### PROBLEM STATEMENT:
Please quote exactly the lines below from the line containing "abend schön kleid" to the line containing "Quand commencer l'éducation d'un enfant ?", both lines included, and nothing else.

### GIVEN INFORMATION:
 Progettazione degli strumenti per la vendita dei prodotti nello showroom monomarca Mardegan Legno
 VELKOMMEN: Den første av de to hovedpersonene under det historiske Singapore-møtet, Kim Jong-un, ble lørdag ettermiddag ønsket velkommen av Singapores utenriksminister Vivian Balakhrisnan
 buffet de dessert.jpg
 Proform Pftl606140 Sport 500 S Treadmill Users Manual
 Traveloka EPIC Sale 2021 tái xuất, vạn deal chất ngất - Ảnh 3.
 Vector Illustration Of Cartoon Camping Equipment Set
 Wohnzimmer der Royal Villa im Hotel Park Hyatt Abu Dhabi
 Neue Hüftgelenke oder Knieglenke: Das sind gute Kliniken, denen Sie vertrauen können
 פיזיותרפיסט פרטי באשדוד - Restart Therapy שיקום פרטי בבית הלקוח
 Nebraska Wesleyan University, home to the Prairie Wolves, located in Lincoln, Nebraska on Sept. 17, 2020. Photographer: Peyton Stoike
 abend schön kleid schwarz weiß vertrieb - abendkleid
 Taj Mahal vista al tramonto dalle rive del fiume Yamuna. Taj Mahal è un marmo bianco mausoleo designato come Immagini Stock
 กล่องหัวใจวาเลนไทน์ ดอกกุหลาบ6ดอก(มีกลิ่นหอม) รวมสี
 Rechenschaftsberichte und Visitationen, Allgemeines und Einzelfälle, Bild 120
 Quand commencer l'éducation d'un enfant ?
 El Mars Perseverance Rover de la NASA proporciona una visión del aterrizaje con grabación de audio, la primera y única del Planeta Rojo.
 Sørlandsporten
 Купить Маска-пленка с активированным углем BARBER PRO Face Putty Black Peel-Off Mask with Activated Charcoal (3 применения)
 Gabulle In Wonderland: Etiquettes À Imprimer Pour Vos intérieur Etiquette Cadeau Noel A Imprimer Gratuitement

### RESPONSE:
 abend schön kleid schwarz weiß vertrieb - abendkleid
 Taj Mahal vista al tramonto dalle rive del fiume Yamuna. Taj Mahal è un marmo bianco mausoleo designato come Immagini Stock
 กล่องหัวใจวาเลนไทน์ ดอกกุหลาบ6ดอก(มีกลิ่นหอม) รวมสี
 Rechenschaftsberichte und Visitationen, Allgemeines und Einzelfälle, Bild 120
 Quand commencer l'éducation d'un enfant ?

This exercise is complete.